BCB410 2014
BCB410 2014
Contents
Objectives and Participants
The "Applied Bioinformatics" course is offered as a part of the BCB curriculum to ensure that our students know enough about application issues in the field to be able to put their knowledge into practice in a research lab setting. This is to support the Specialist Program goal: to prepare students for graduate studies in the discipline.
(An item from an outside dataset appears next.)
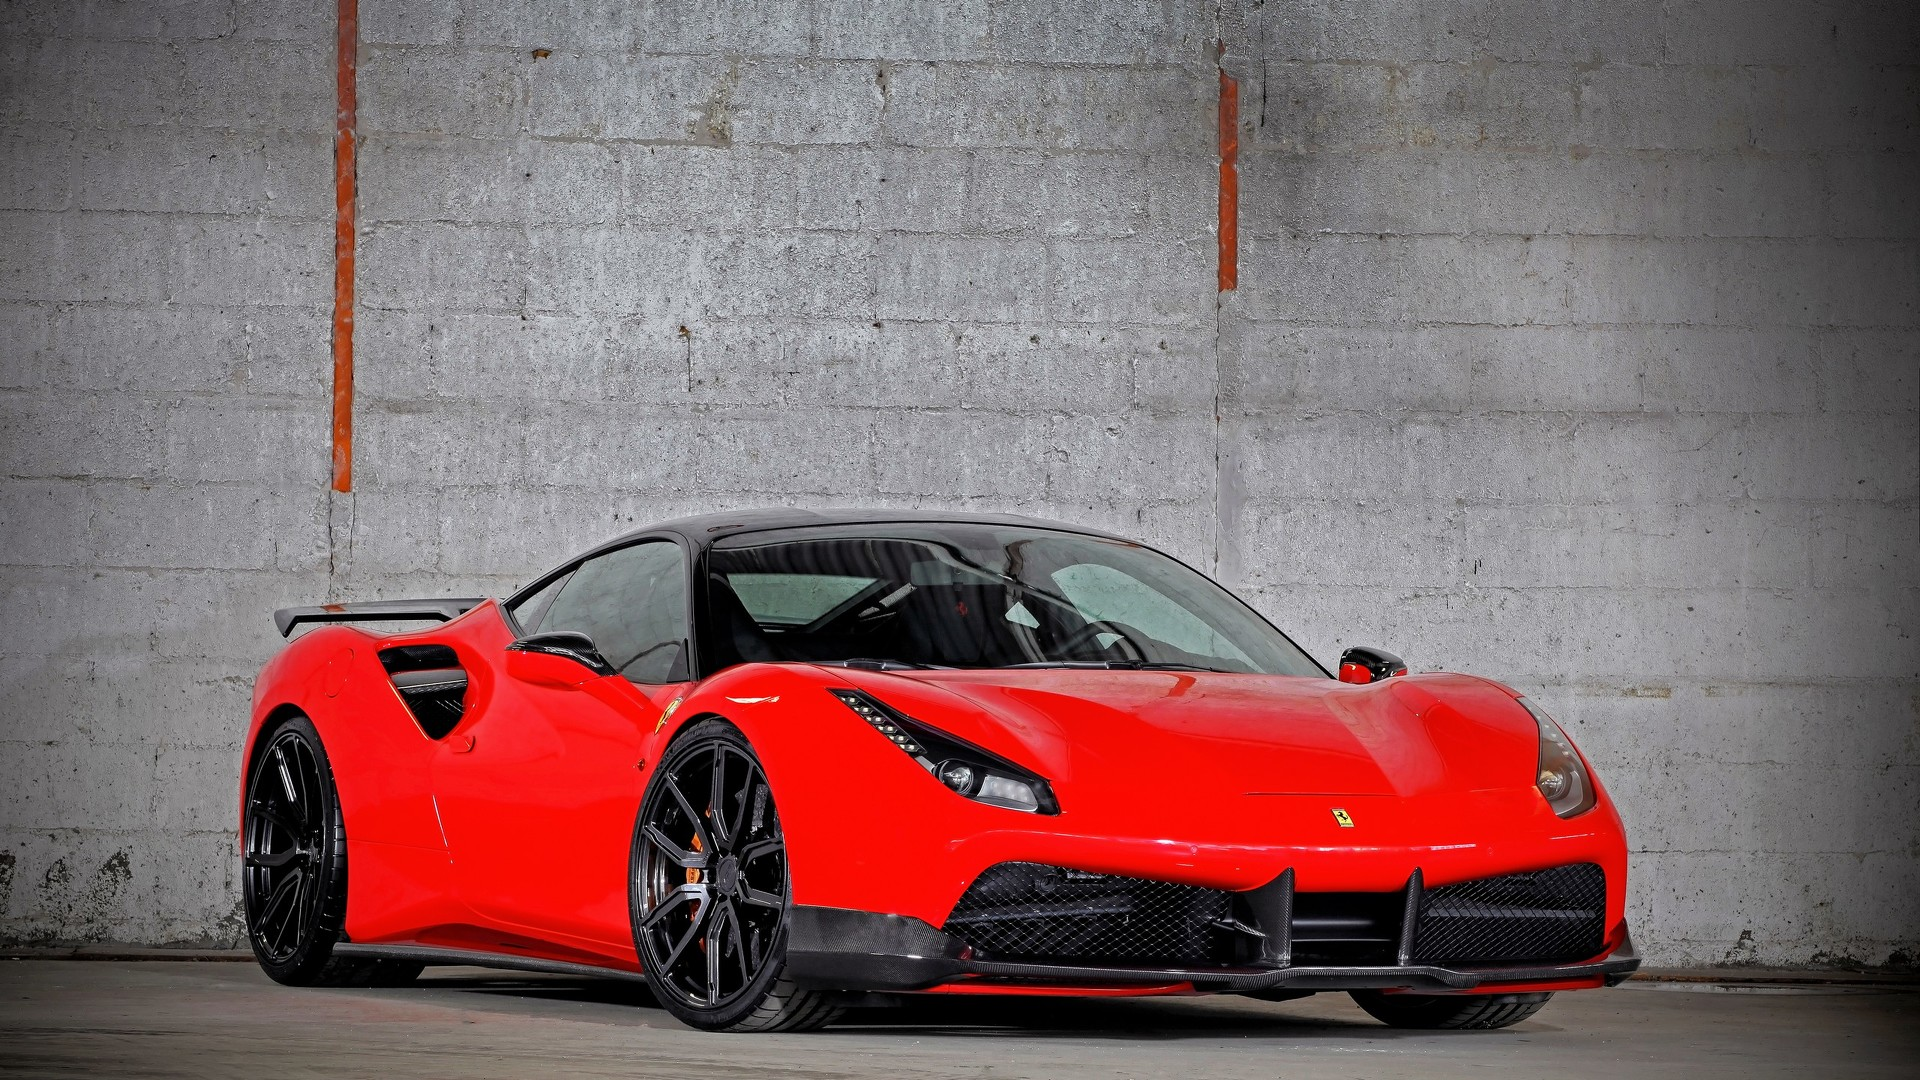 Tuner's 900-hp Ferrari 488 GTB looks devilish

As a required course in the BCB curriculum, BCB410 assumes the prerequisites and goals of fourth-year students in the BCB Specialist Program. Other students may participate but they may need to catch up on prerequisites in computer science or life-science courses that BCB students have taken at this point. They may also need to consider whether their objectives match the course objectives well. Generally speaking, this is an advanced course that presupposes familiarity with programming principles, algorithm analysis, and methods of modern systems biology, as well as introductory knowledge of linear algebra, graph theory, information theory, statistics as well as molecular–, structural– and cellular biology.
Organization
The 2014 course will begin on Wednesday, September 10. 2014 with a class meeting at 10:00 in room HA 316 (Haultain Building).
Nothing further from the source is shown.